На первый взгляд парень был не из тех, кто постесняется взять лишний рубль. Ему скорее было бы свойственно, подхватив бесхозные деньги, быстренько сунуть их за пазуху и смешаться с толпою. Что-то в этой сцене было не так, и Свешников, ещё не угадав развязки, торопливо бросил, отворачиваясь, потому что начался переход:
— Спасибо за предложение. Было бы нечестно с моей стороны…
Последние слова Свешников говорил уже сам себе: оглядевшись на той стороне улицы, он нигде не увидел своего доброго незнакомца.
Осадок между тем остался от всего неприятный. С ним Дмитрий Алексеевич и пошёл вечером к мачехе: ему не терпелось поговорить — нет, не об утреннем приключении, а о планах Раисы.
У отца, доживи тот до наших дней, он вряд ли стал бы спрашивать совета в таком деле — уезжать ли, — во всяком случае, не пошёл бы к нему первому, как сейчас — к мачехе. Старший Свешников, наверно, и в средние свои годы не понял бы такой дури и блажи, как желание бежать из дому, а в годы поздние — и подавно. Он вовсе не был ретроградом, напротив, в своём кругу даже слыл вольнодумцем, но сыну и теперь легко было представить, как Алексей Дмитриевич цитирует передовицу из «Правды», клеймящую очередного перебежчика как предателя Родины (именно так, с большой буквы), а сам он, младший, подтрунивает, делая вид, будто плохо понял, кто тут кого и каким образом предаёт. В настоящее время, когда дело коснулось его самого, Дмитрий Алексеевич вывернул в уме отцовские представления наизнанку, приготовившись разъяснять каждому, что как раз его, до сих пор живущего в Союзе, и предали. Сама же родина и предала: один из лучших в своём деле специалистов, он после четырёх десятков лет службы теперь был, в благодарность за терпение, унижен обещанием ничтожной пенсии, то есть скорой нищетой и бесправием.

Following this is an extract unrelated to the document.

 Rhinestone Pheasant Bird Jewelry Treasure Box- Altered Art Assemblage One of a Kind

Сюрпризов от мачехи он не ждал: разница в возрасте, и без того небольшая, теперь словно бы стёрлась, а их поколения слились — во всяком случае, оба сделались единомышленниками: и тот и другая не читали газет, любили джаз, чурались массовых акций и завидовали редким невольным (других ещё не бывало) эмигрантам. Когда из страны выслали Бродского, Людмила порадовалась за того, сказав: «Щуку бросили в реку», а когда — Солженицына, повторила то же на американский манер: «Бросили кролика в терновый куст». Она и для себя хотела примерно того же, в виде путешествия по свету, и пасынок вторил ей: увидеть Париж, Нью-Йорк!..

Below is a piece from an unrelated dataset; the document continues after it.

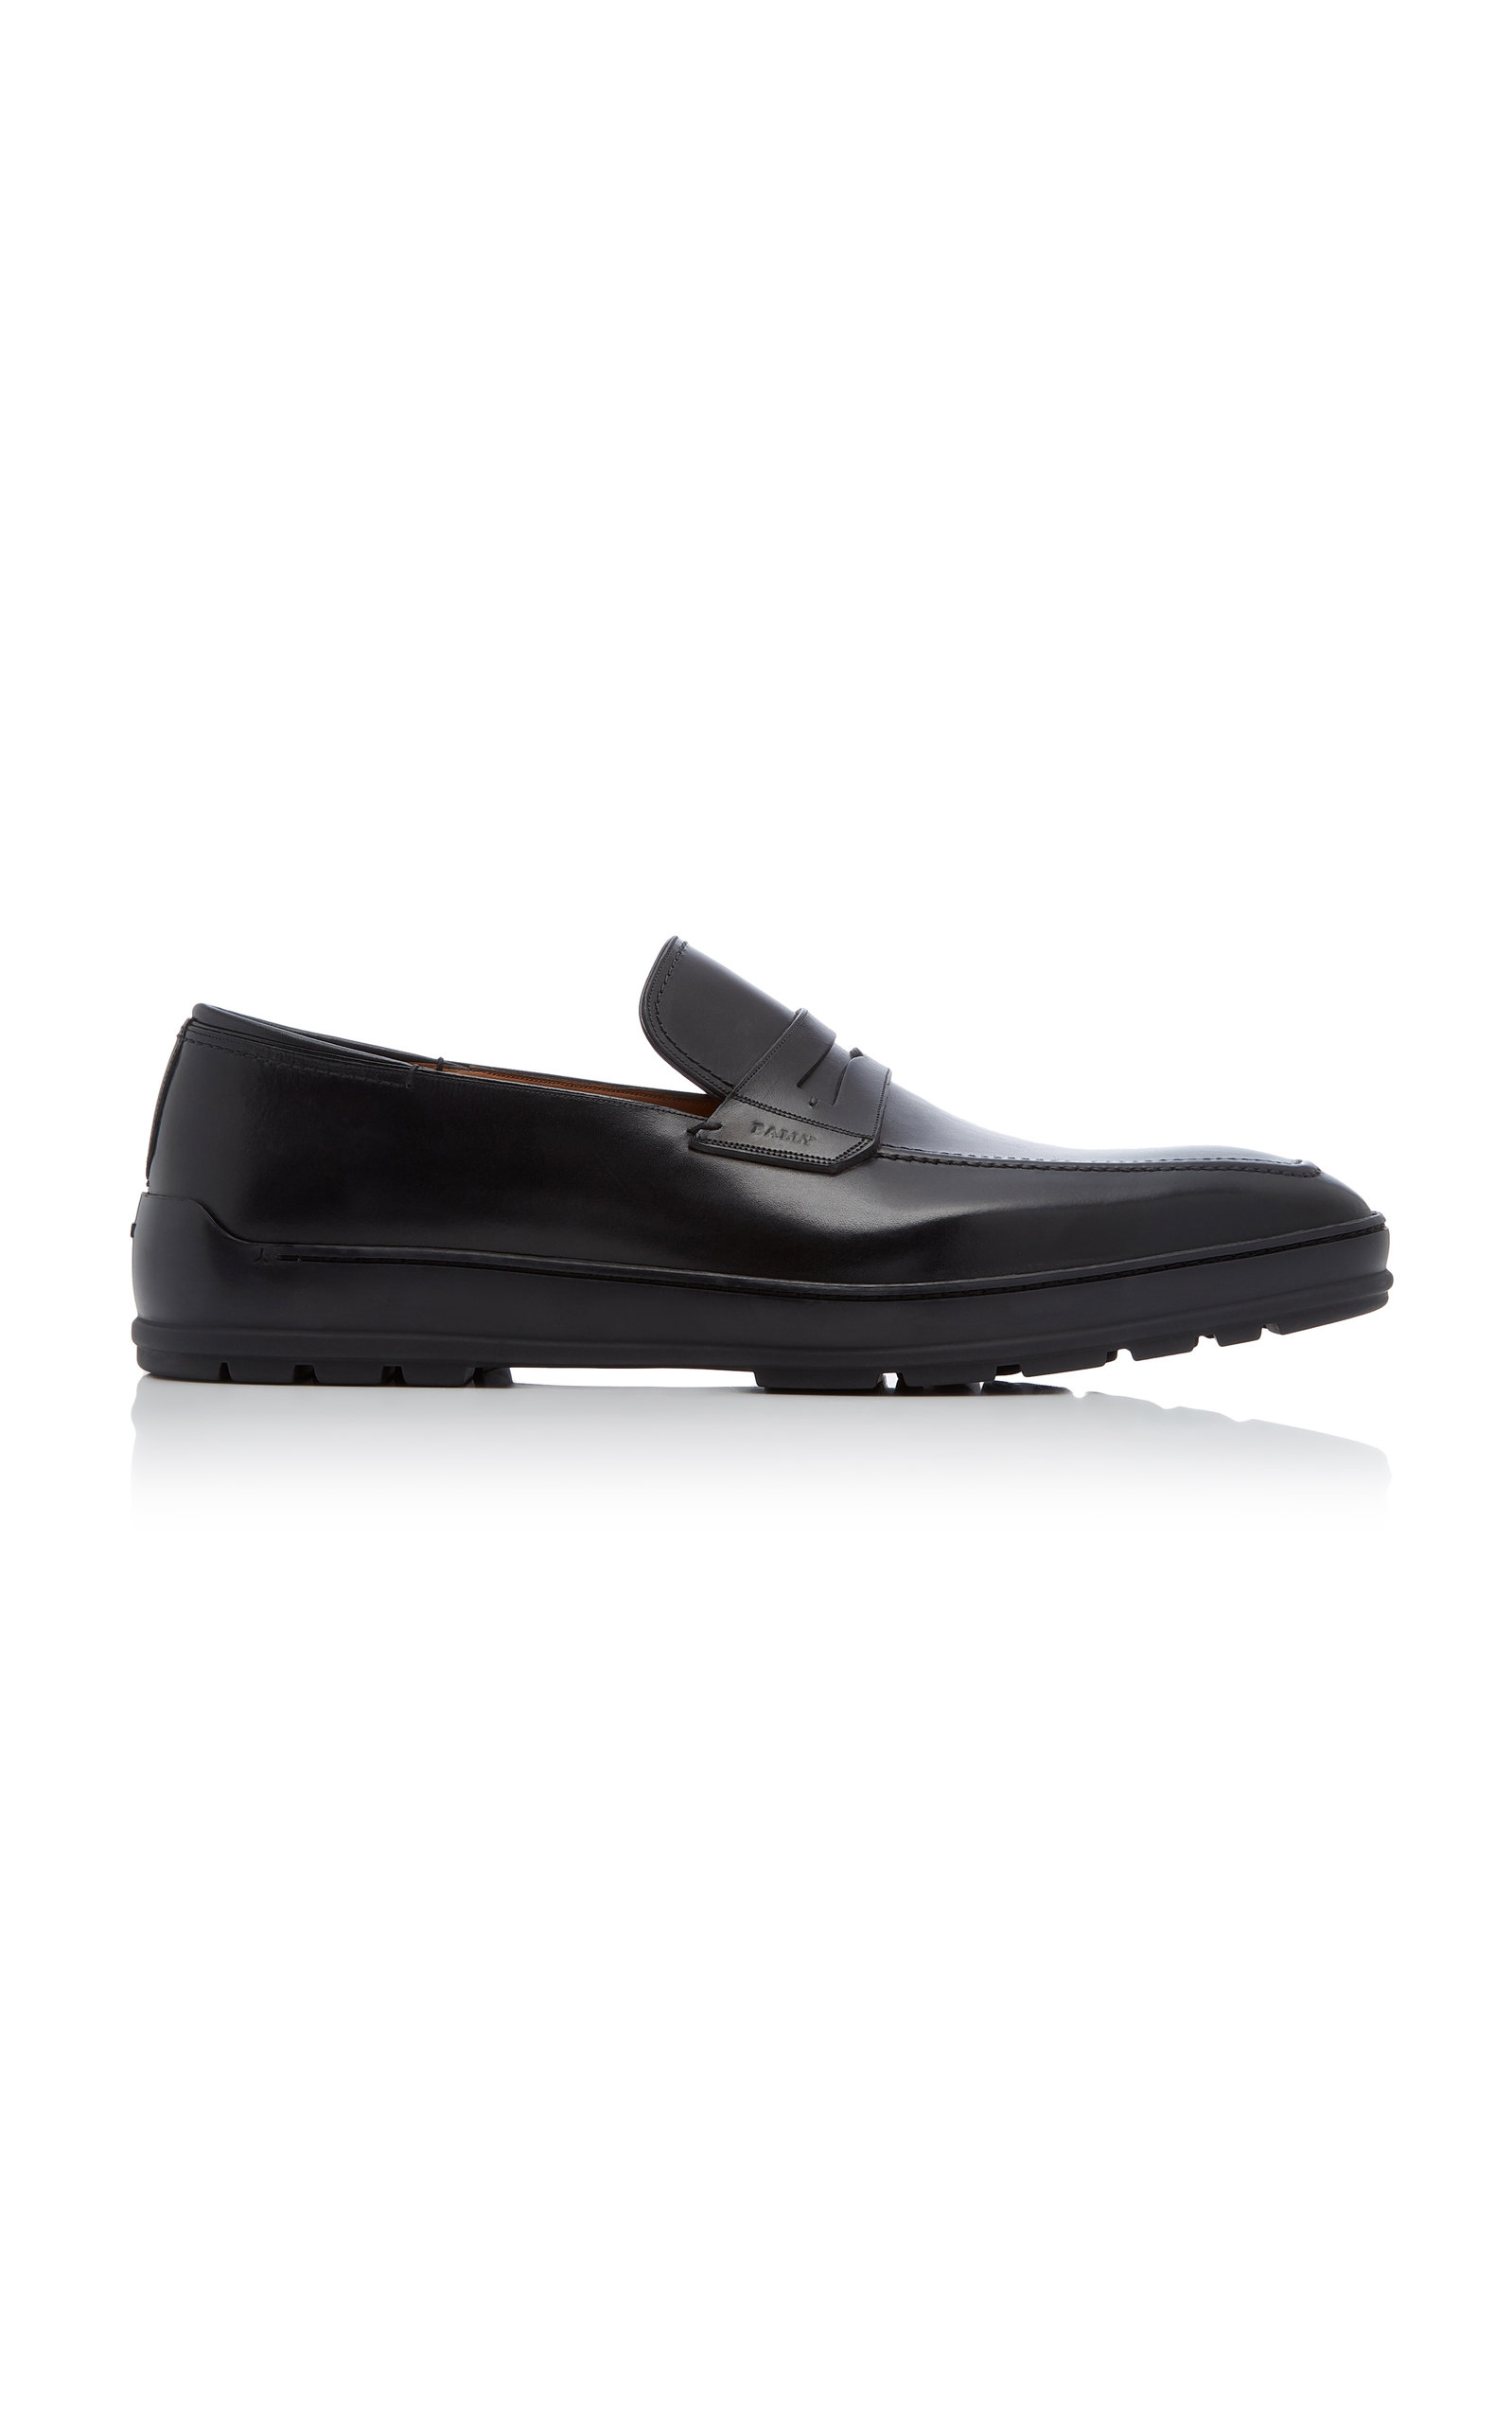 1f64d4b4425 BallyRelon Leather Penny Loafers. CLOSE. Loading

В молодости эти города представлялись ему островами джаза в море мировой тишины.
Поначалу, когда Людмила — а именно так, по имени и на «ты», она попросила Митю себя называть, — когда Людмила вошла в дом Свешниковых, Дмитрий долго не знал её вкусов — пока она однажды не загорелась, услыхав, что пасынок собирается, и не в первый раз, в кукольный театр, на щедро сдобренный джазом модный спектакль.
— И я хочу, — заявила она строго.
— Это всего лишь пародия, — осторожно предупредил он. — Прямо скажем, не «Гамлет».

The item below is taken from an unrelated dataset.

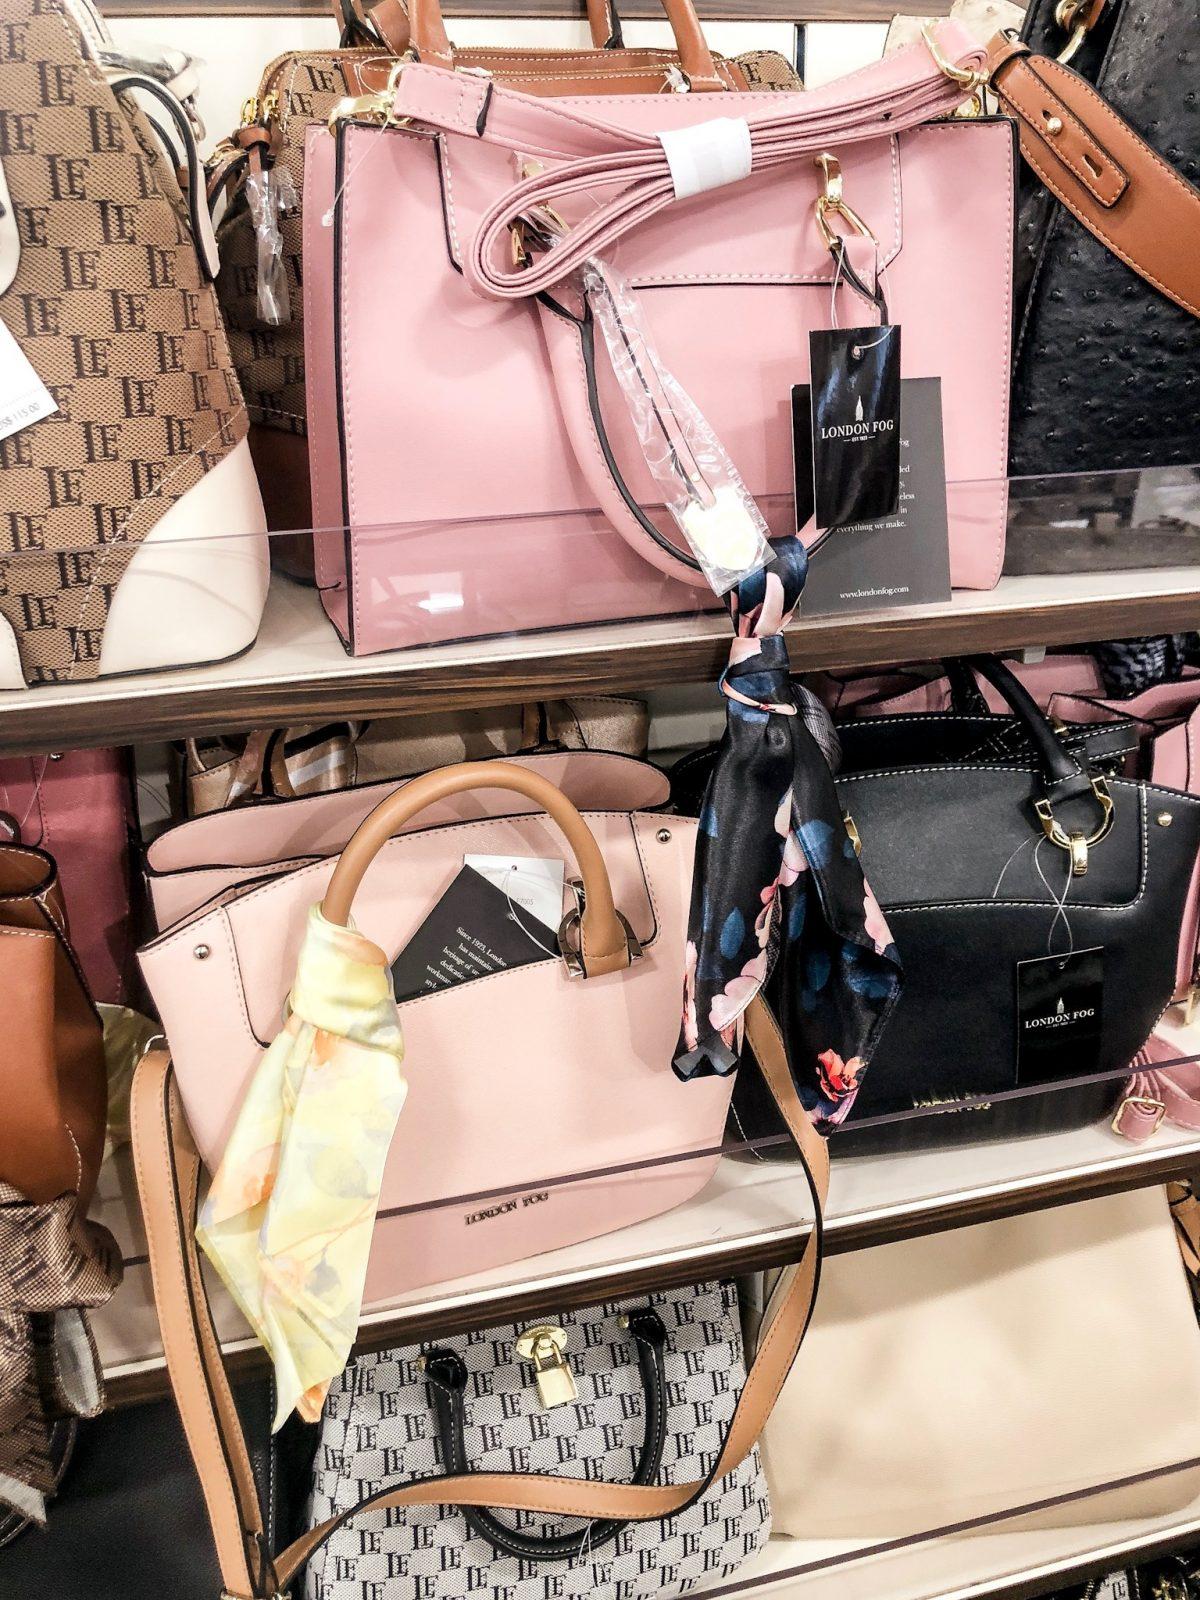 London Fog Handbags in various colors

— И поэтому ты знаешь весь текст наизусть?
— Что делать, если у меня такая память?
— И всё же… Твои ровесники, кажется, валят туда толпами.
— Преувеличение. Но и в самом деле: там — джаз, и это смешная пьеса, и сюжет — съёмки в Голливуде такого кино, какого нам не увидеть, разве только если попадётся среди трофейных… Показали же «Судьбу солдата в Америке»…
— А там — милая песенка… «Приходи ко мне, мой грустный беби», — напела Людмила.
— О, ты помнишь! «Есть у тучки светлая изнанка…»? Тогда я отвечу: конечно, все мои одноклассники, все мы повадились к Образцову, смотреть «Под шорох твоих ресниц», чтобы слушать там джаз. Запретный плод всегда сладок, только мы, уверен, любили бы его и всегда. А вот в театре: «Мисс Блокнот, какая у нас пластинка для проверки на ритм?» — «Буги-вуги “Страсть моряка”». И представь, — сейчас же играют буги! «Без задержки», — как говорит один персонаж, Маус, опрокидывая стаканчик.
— Возьмём с собой Алексея? Или ты — с девушкой?
— Вот как? Мы разве идём вместе? С тобой?! — удивился Дмитрий. — О нет, не возьмём. Он сбежит в первом же антракте. Достаточно того, что я выпрошу у него денег на билеты. Зачем доставлять человеку ещё и другие неприятности?
На музыку они смотрели всё же по-разному: она была у каждого своя, и если Людмила могла ещё и сейчас получать удовольствие от довоенных фокстротов (и у неё сохранилась целая стопка пластинок), то Дмитрия, взрослевшего во время полного запрета джаза, а потому искавшего и собиравшего его по крохе, какая-нибудь весёленькая «Рио-Рита» уже не устраивала, он знал плоды и послаще, ведь это его сверстники сочинили и напевали: «От Москвы и до Калуги все танцуют буги-вуги».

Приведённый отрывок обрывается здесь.